# About this exercise
Skipping any pictures, repeat exactly and only the lines from the one that holds "Antonín Janča" to the last line of the material, both included.

# Supplied data
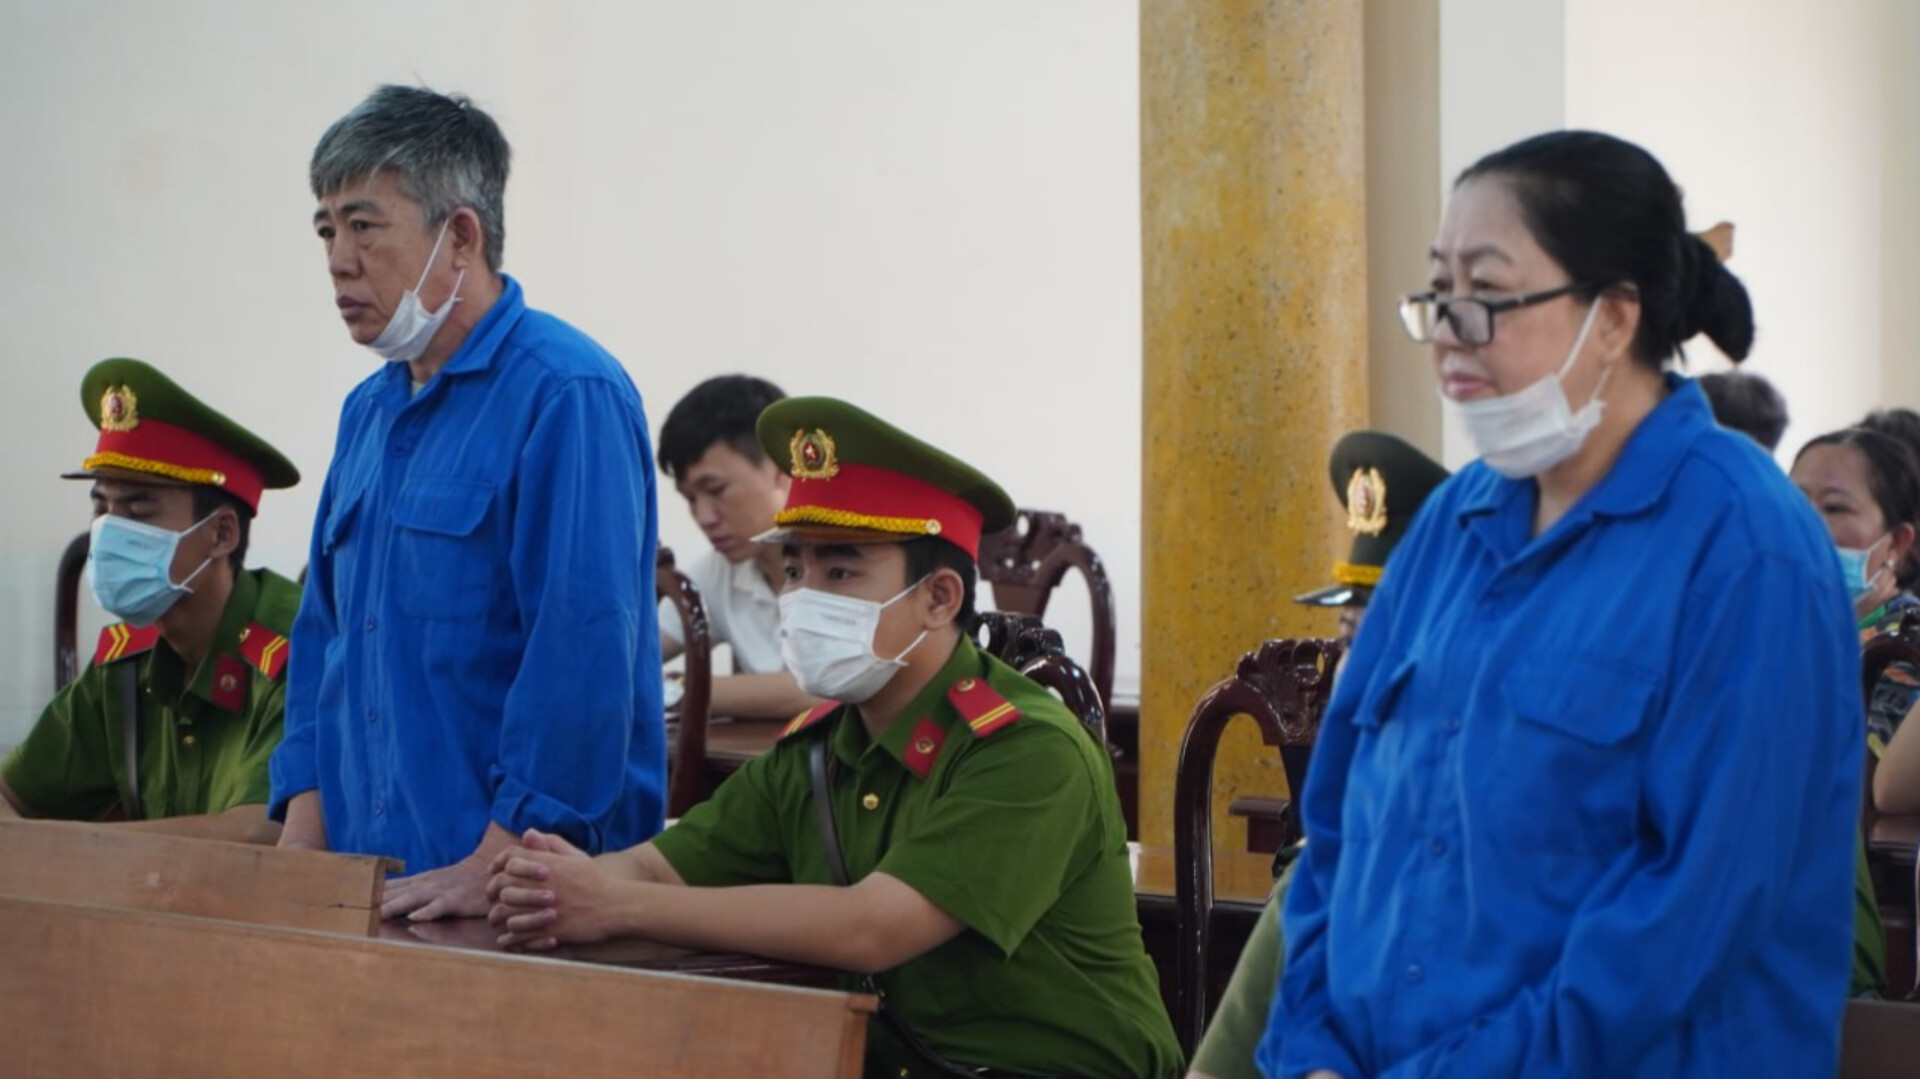 Tám năm tù cho cựu cảnh sát tiếp tay buôn lậu ở An Giang - Ảnh 1.
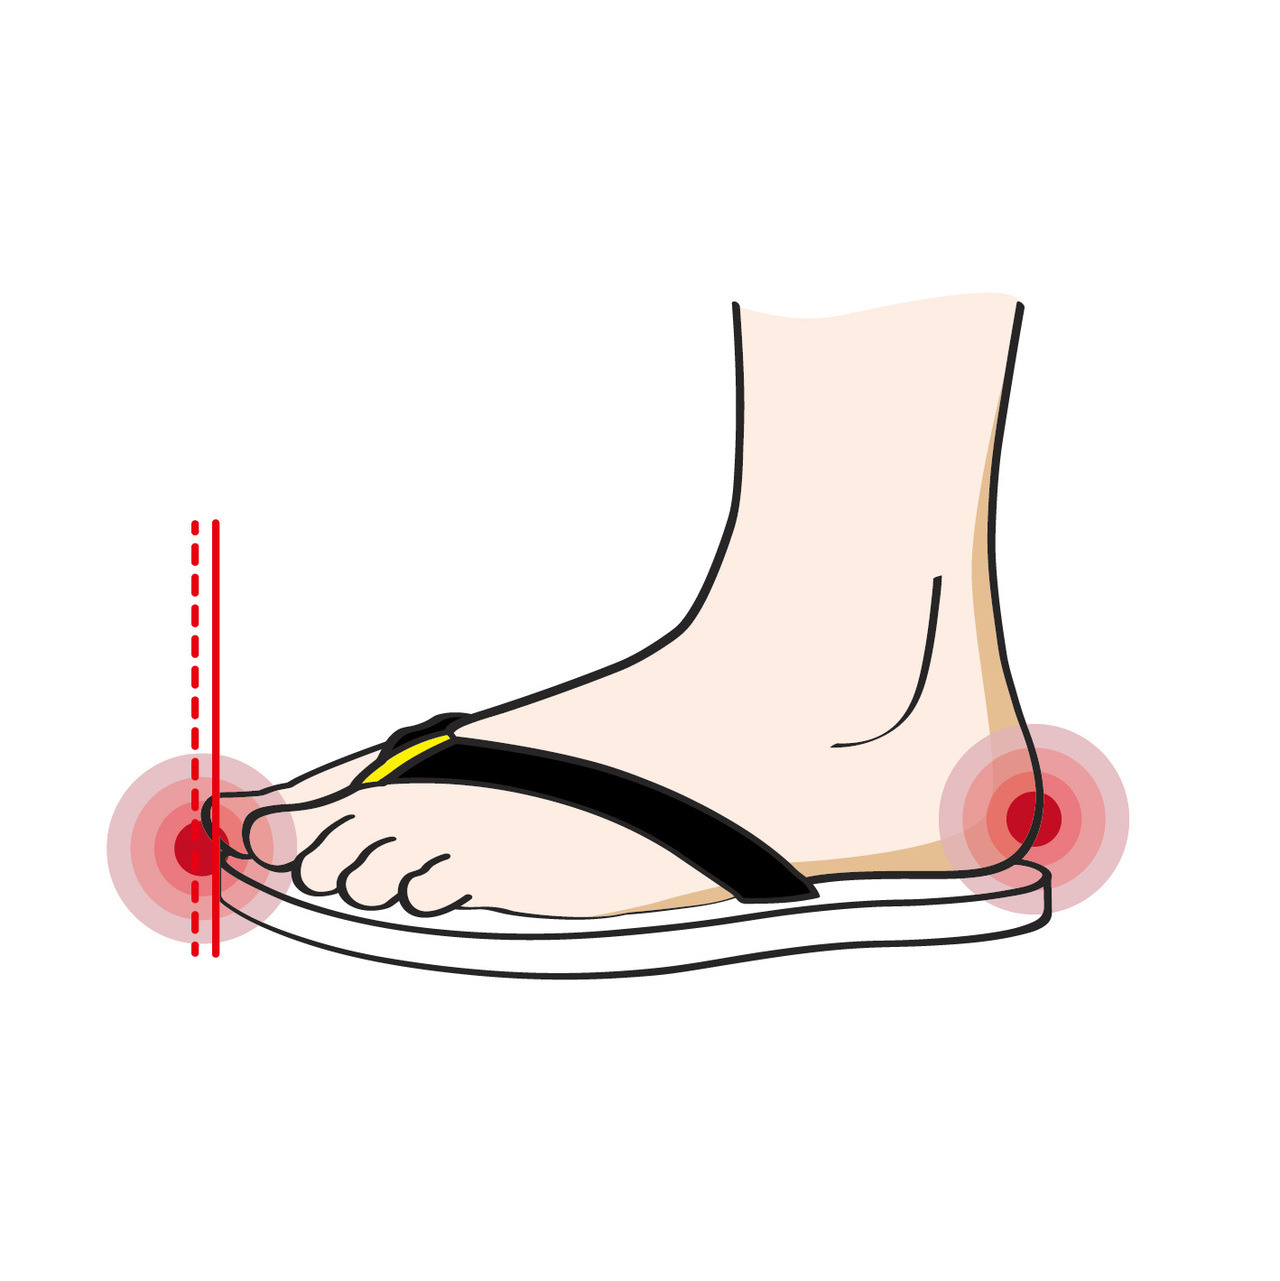 腳掌時常出現大大小小的傷口: 鞋子過短，容易直接碰撞足部
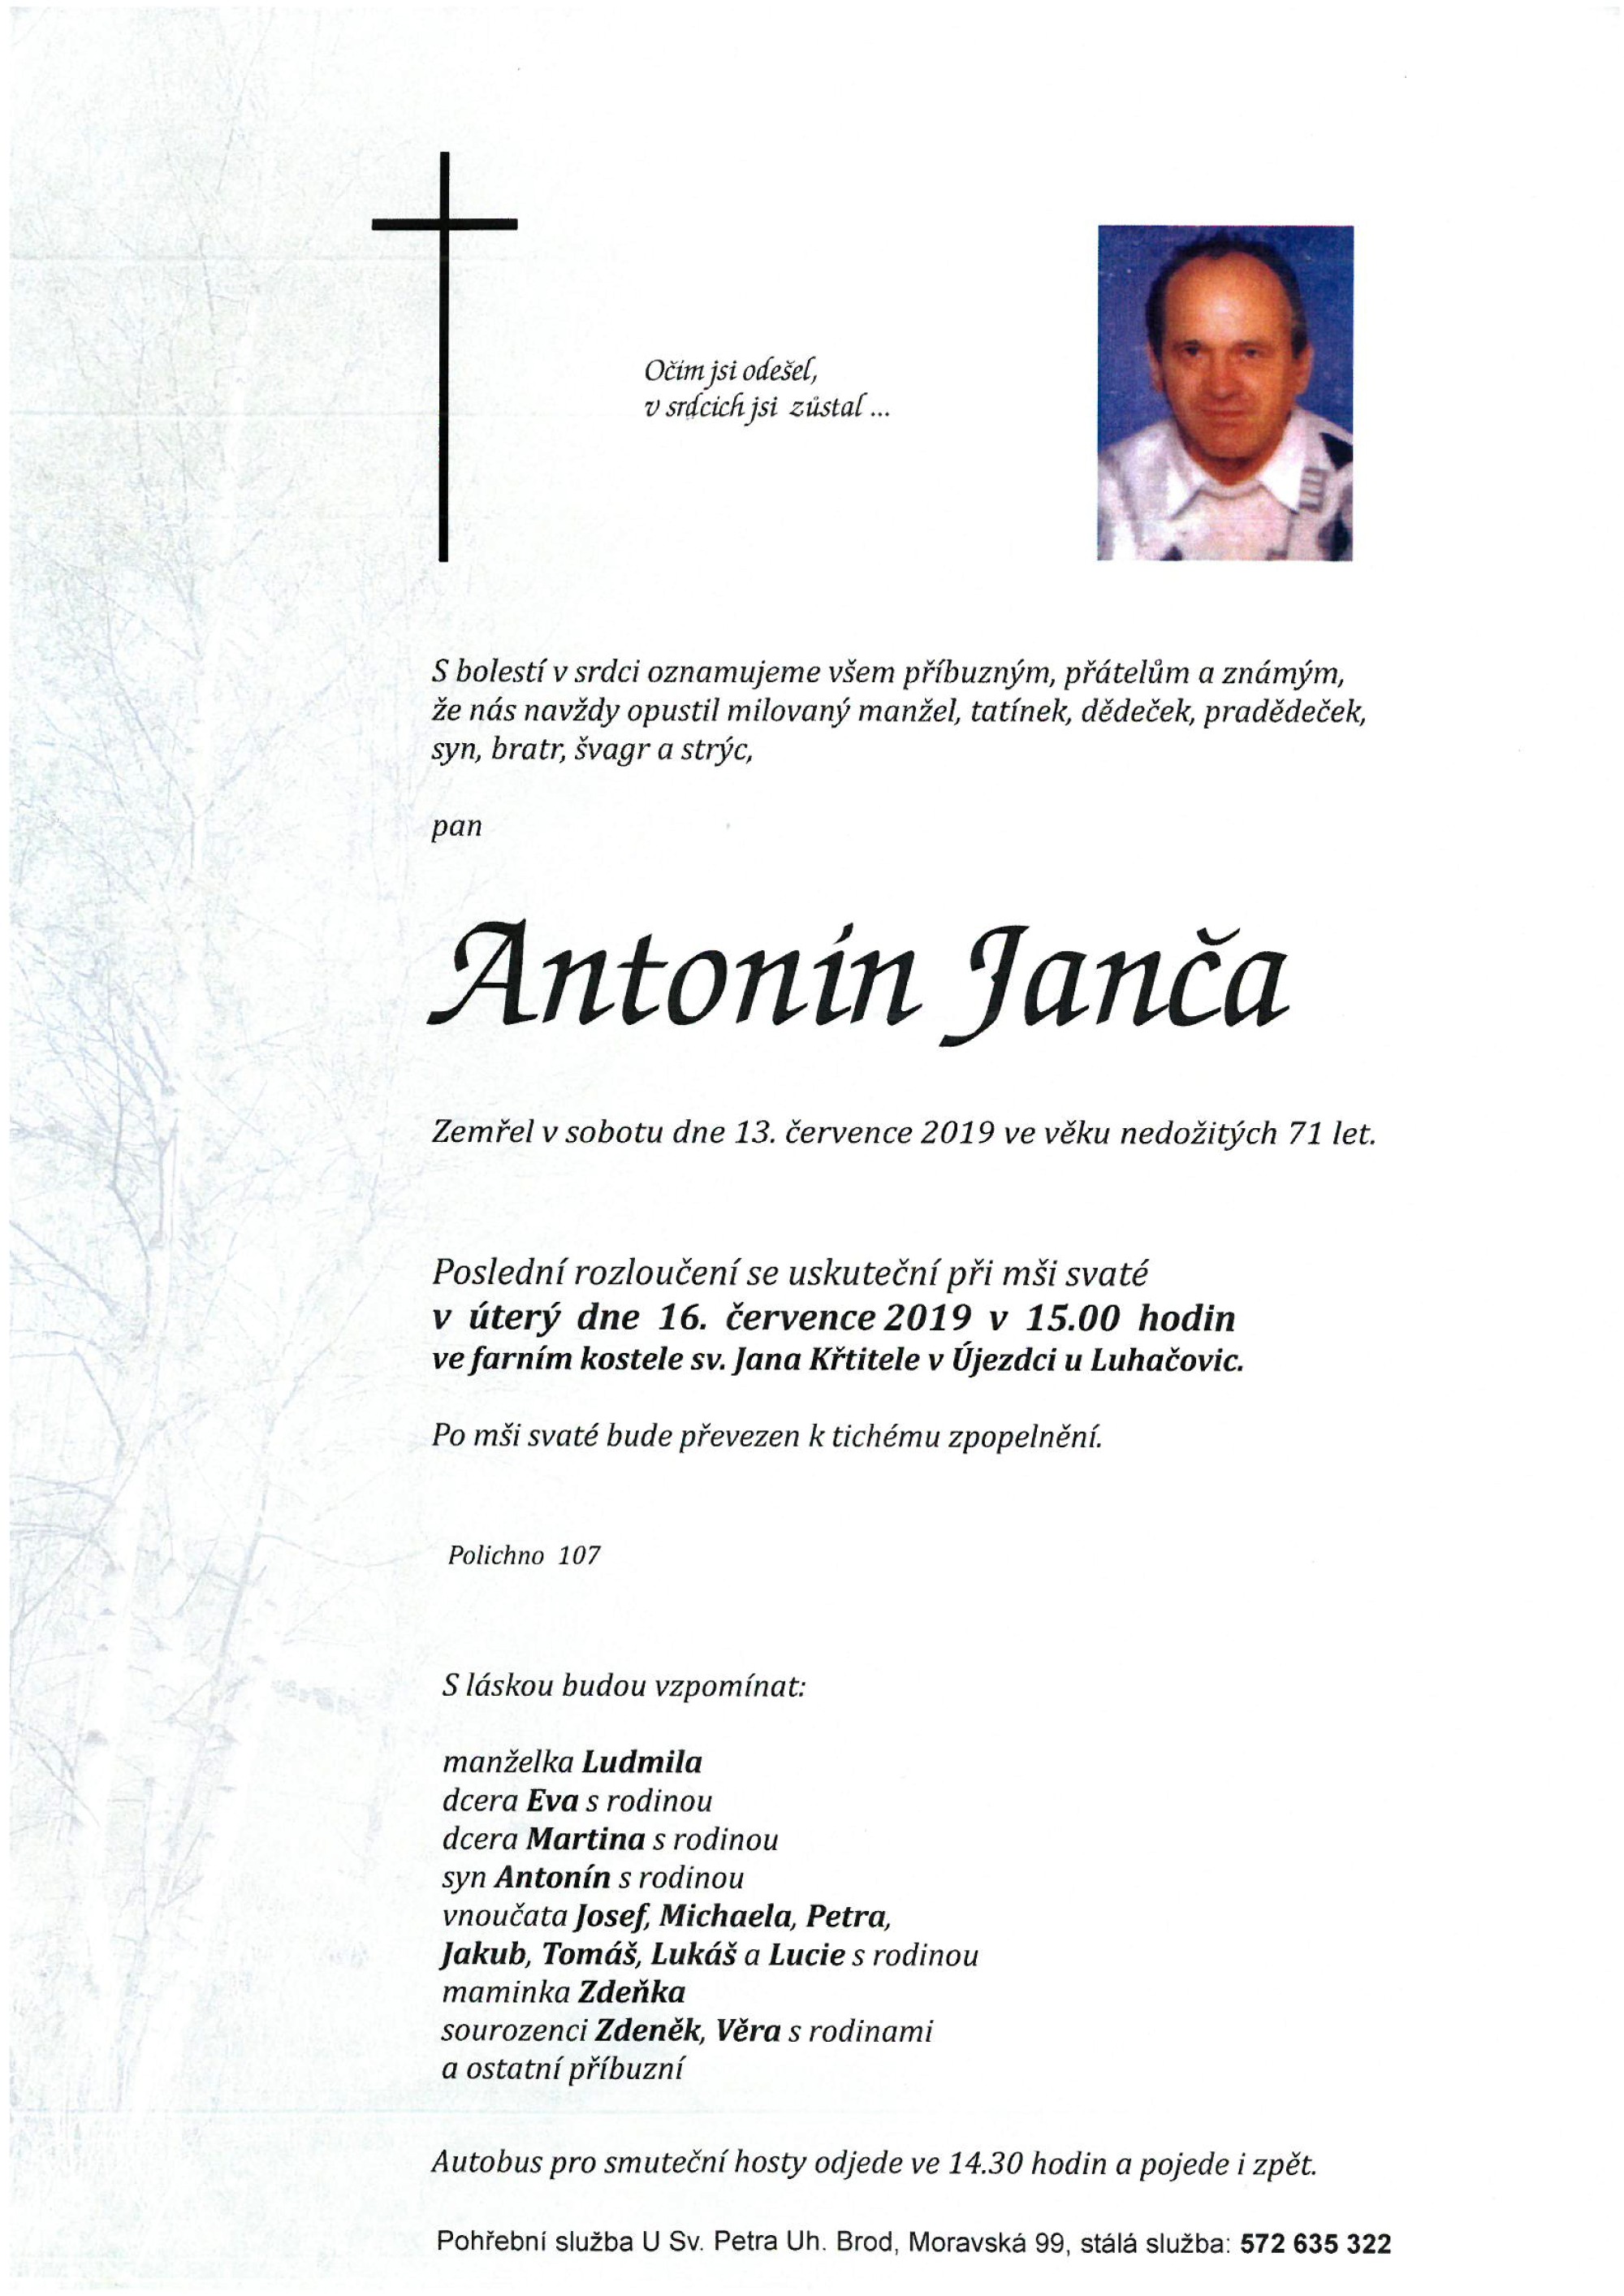 Antonín Janča
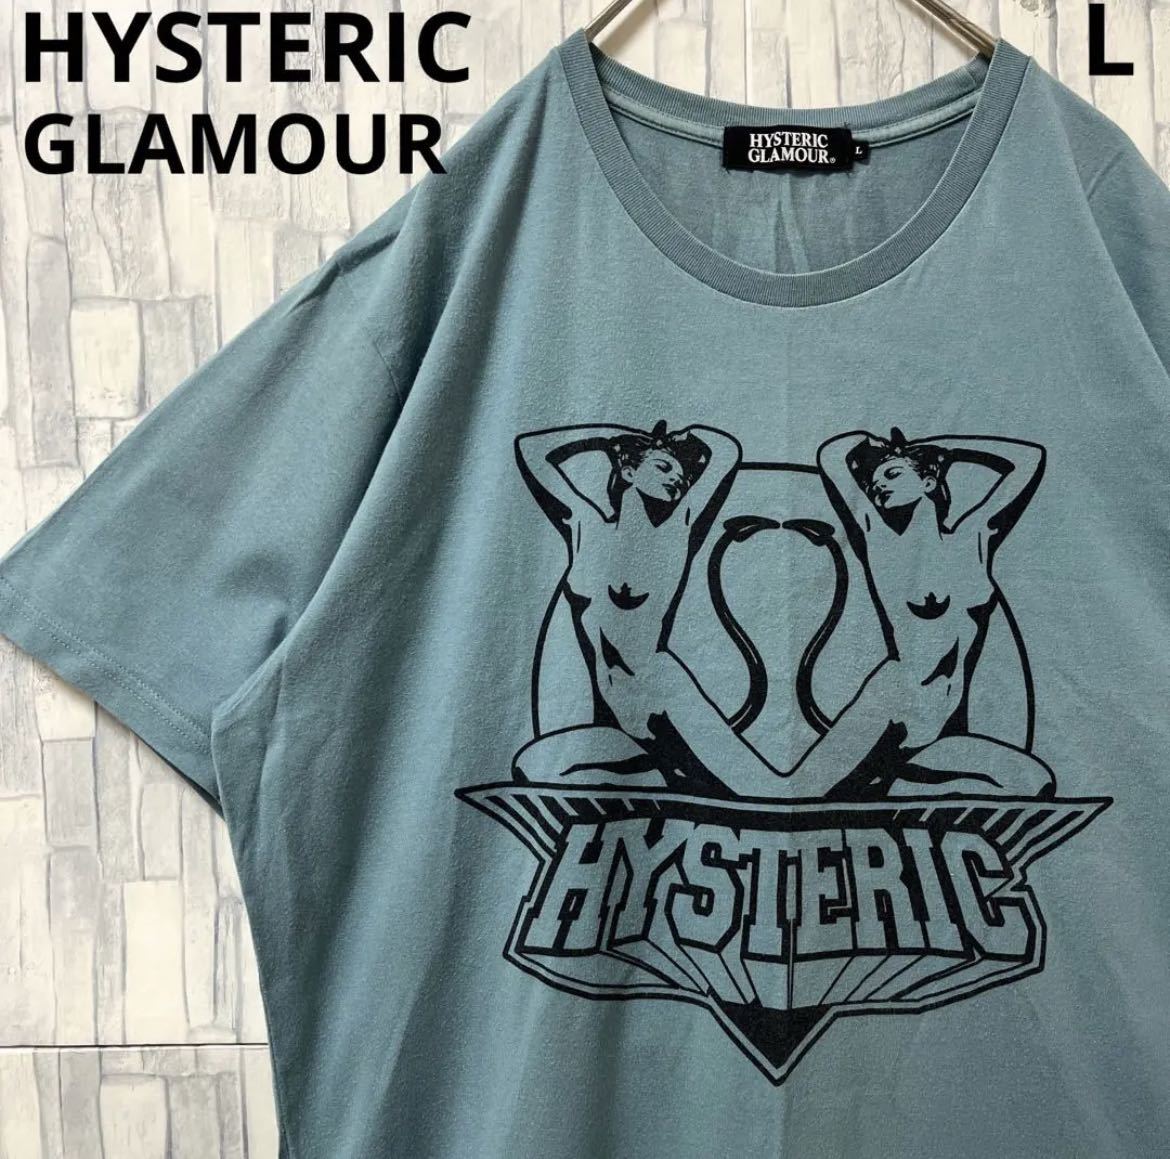 HYSTERIC GLAMOUR ヒステリックグラマー ヒスガール Tシャツ 半袖 サイズL デカロゴ ビッグロゴ くすみブルー 送料無料

# Result below
 Antonín Janča
 HYSTERIC GLAMOUR ヒステリックグラマー ヒスガール Tシャツ 半袖 サイズL デカロゴ ビッグロゴ くすみブルー 送料無料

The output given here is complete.